Time did not pass quickly. There wasn’t much for you to do. You found yourself replacing the frosting and lollipops more often than necessary, simply because you needed projects, and because (it was a little crazy, but you didn’t regret a trace of craziness in yourself) you wondered if a heightened version—a sharpening of cookie smell, some other manufacturer who produced candy with brighter stripes and swirls—might make a difference.
As eighty approached, your first and only visitors were not quite who you’d been expecting. They looked promising when they first emerged, blinking with surprise, from among the tree trunks into the little clearing in which your house stood.
They were sexy, the girl as well as the boy, with their starved and foxy faces—that hungrily alert quality you see sometimes in kids who’ve been knocked around a little. They were pierced and tattooed. And they were, even more gratifyingly, ravenous. The boy didn’t seem to mind that the handfuls of icing he stuffed into his mouth were so clearly held together with paste. The girl sucked seductively (with the cartoonish lewdness of girls taught by porn rather than experience) on a scarlet lollipop.
The boy said, through a mouthful of icing and Elmer’s, “Hey, Grandma, what’s up?”
The girl just smiled at him, tongue pressed to lollipop, as if he were clever and intoxicatingly dangerous; as if he were a rebel and a hero.

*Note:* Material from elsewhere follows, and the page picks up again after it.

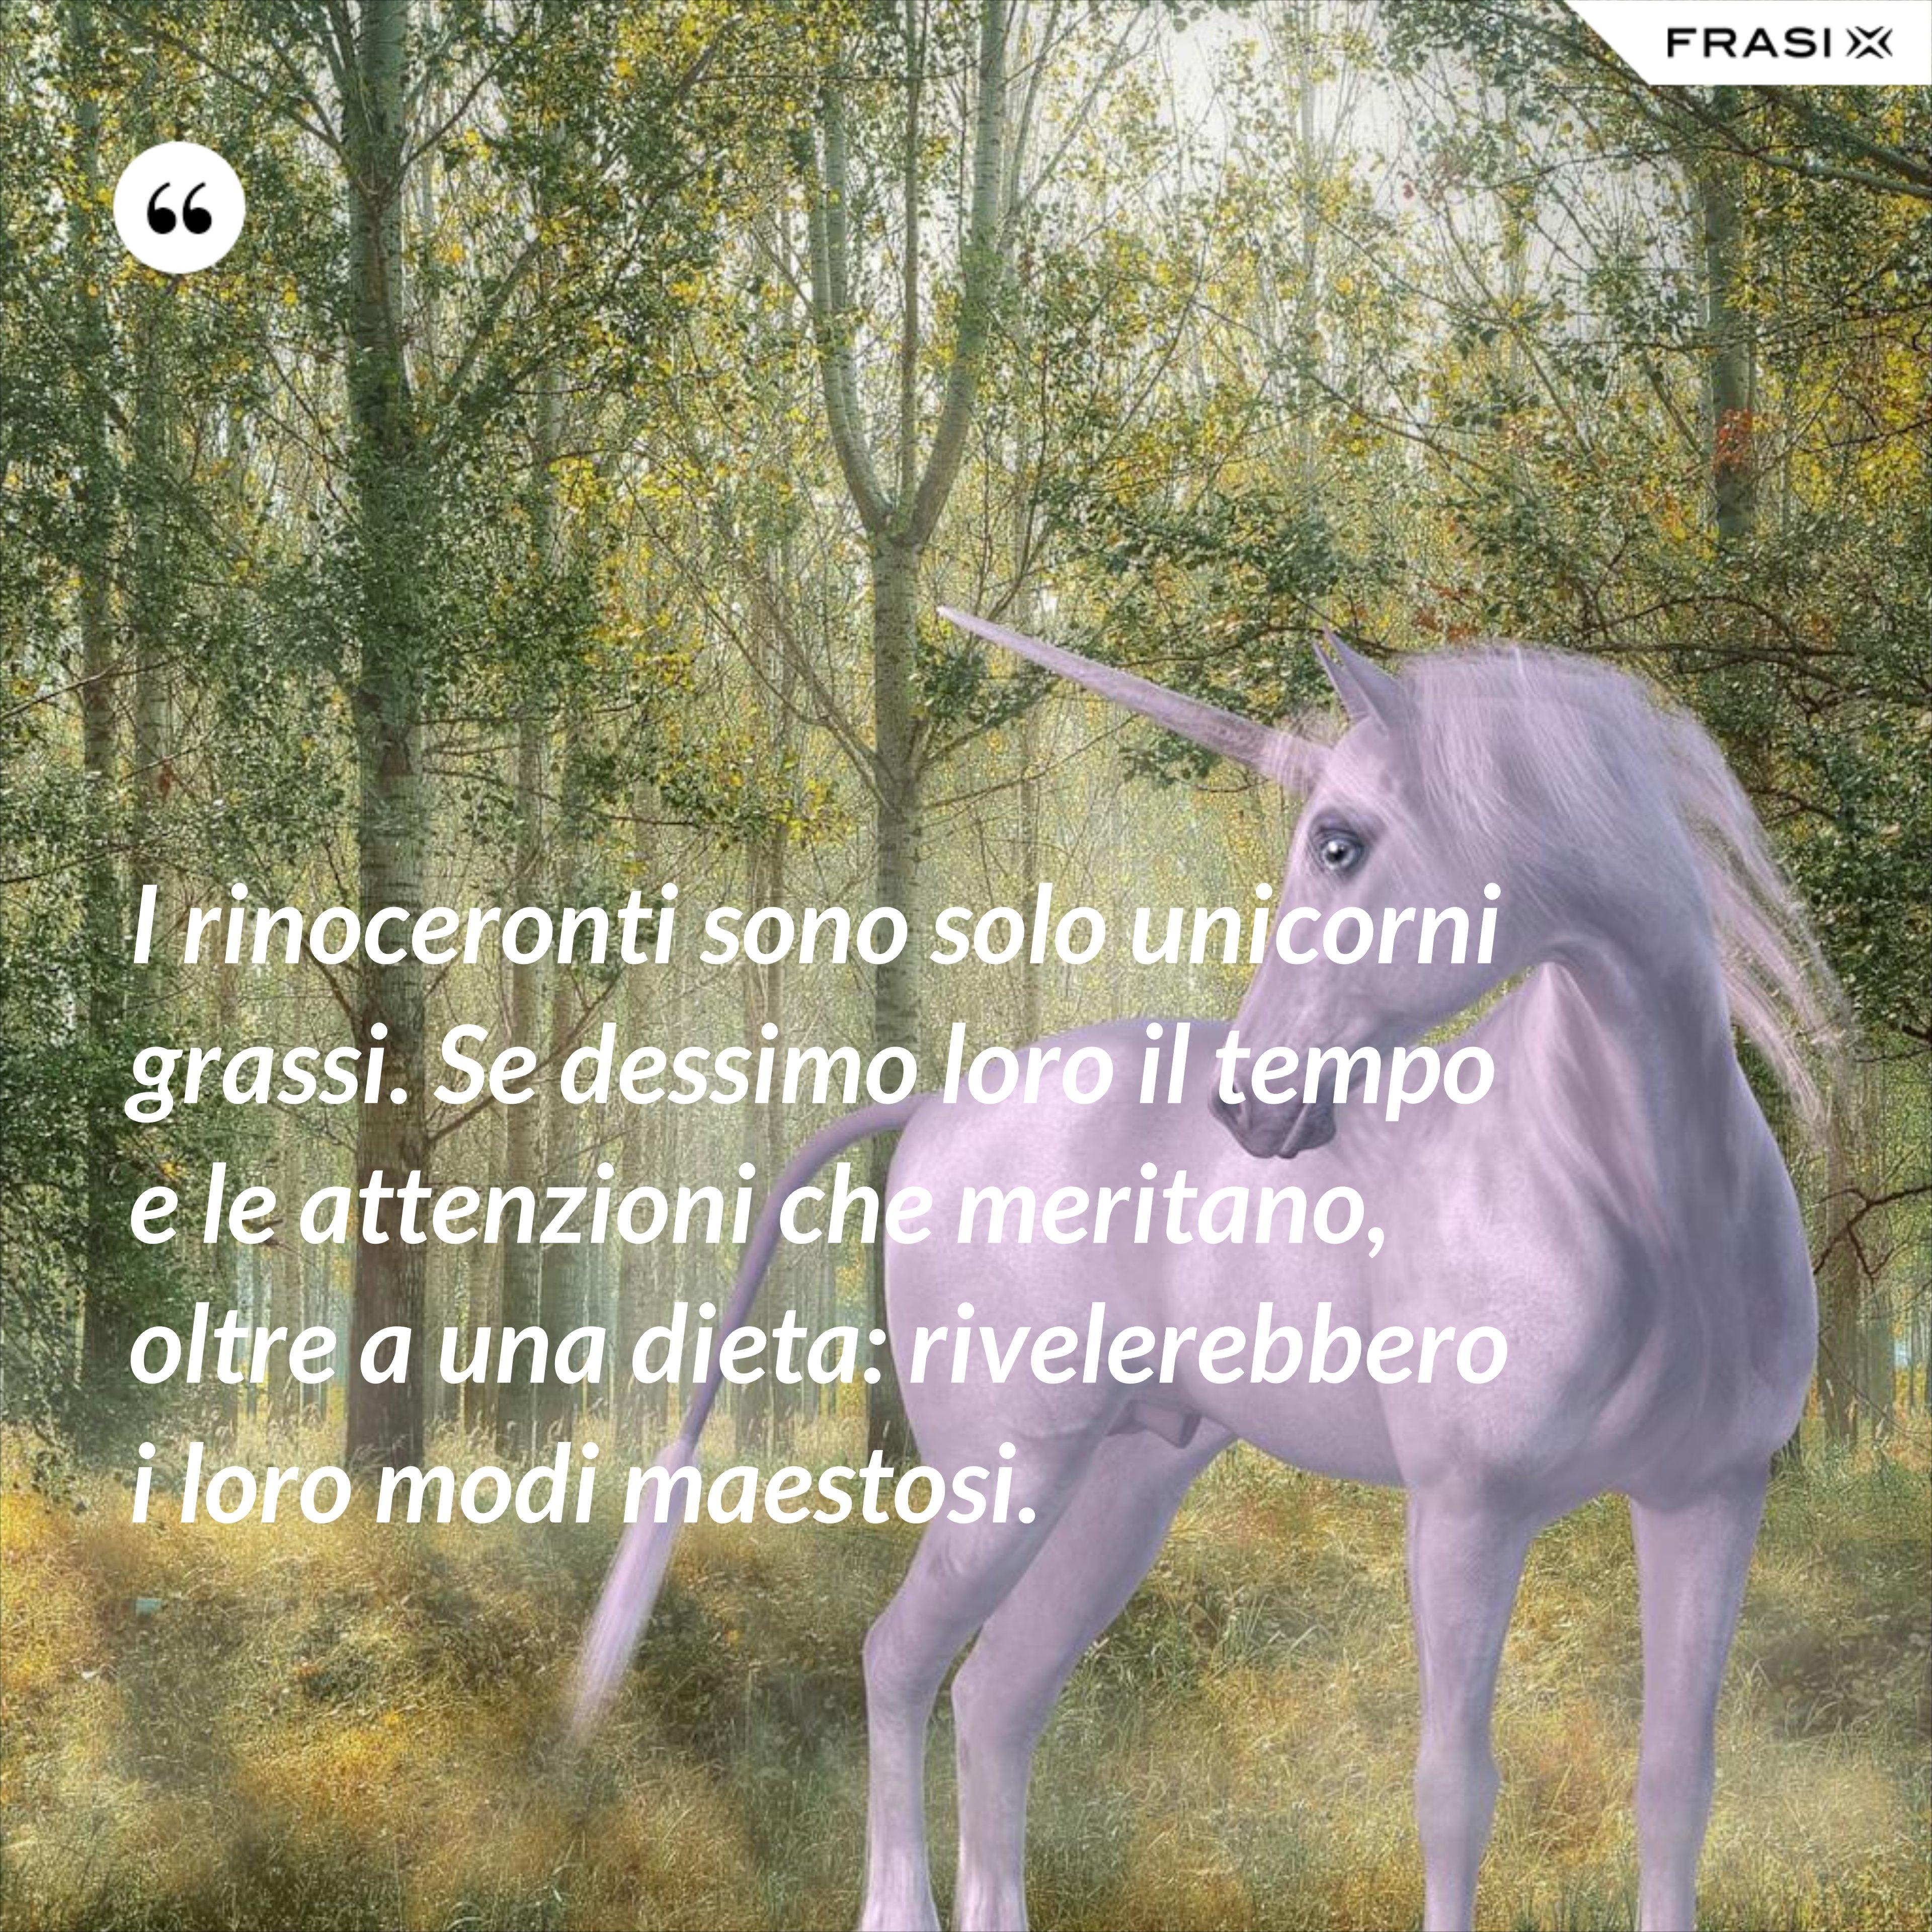 I rinoceronti sono solo unicorni grassi. Se dessimo loro il tempo e le attenzioni che meritano, oltre a una dieta: rivelerebbero i loro modi maestosi. - Anonimo

And what, exactly, did you expect those young psychopaths, those beaten children, to do, after they’d eaten half your house, without the remotest expression of wonder, or even of simple politeness? Were you surprised that they ransacked the place, eating their way from room to room, stopping every now and then to mock the bits of jewelry they found (she, with your pearls around her neck: “Our mother has pearls like these, how do you like them on me?”) or the vase you’d had since your grandmother died, into which the boy took a long, noisy piss. Did you think they’d fail to complain, ultimately, that there seemed to be nothing here but candy to eat, that they needed a little protein as well?
Were you relieved, maybe just a little, when they lifted you up (you weighed almost nothing by then) and shoved you into the oven? Did it seem unanticipated but right, somehow—did it strike you as satisfying, as a fate finally realized—when they slammed the door behind you?
JACKED
This is not a smart boy we’re talking about. This is not a kid who can be trusted to remember to take his mother to her chemo appointment, or to close the windows when it rains.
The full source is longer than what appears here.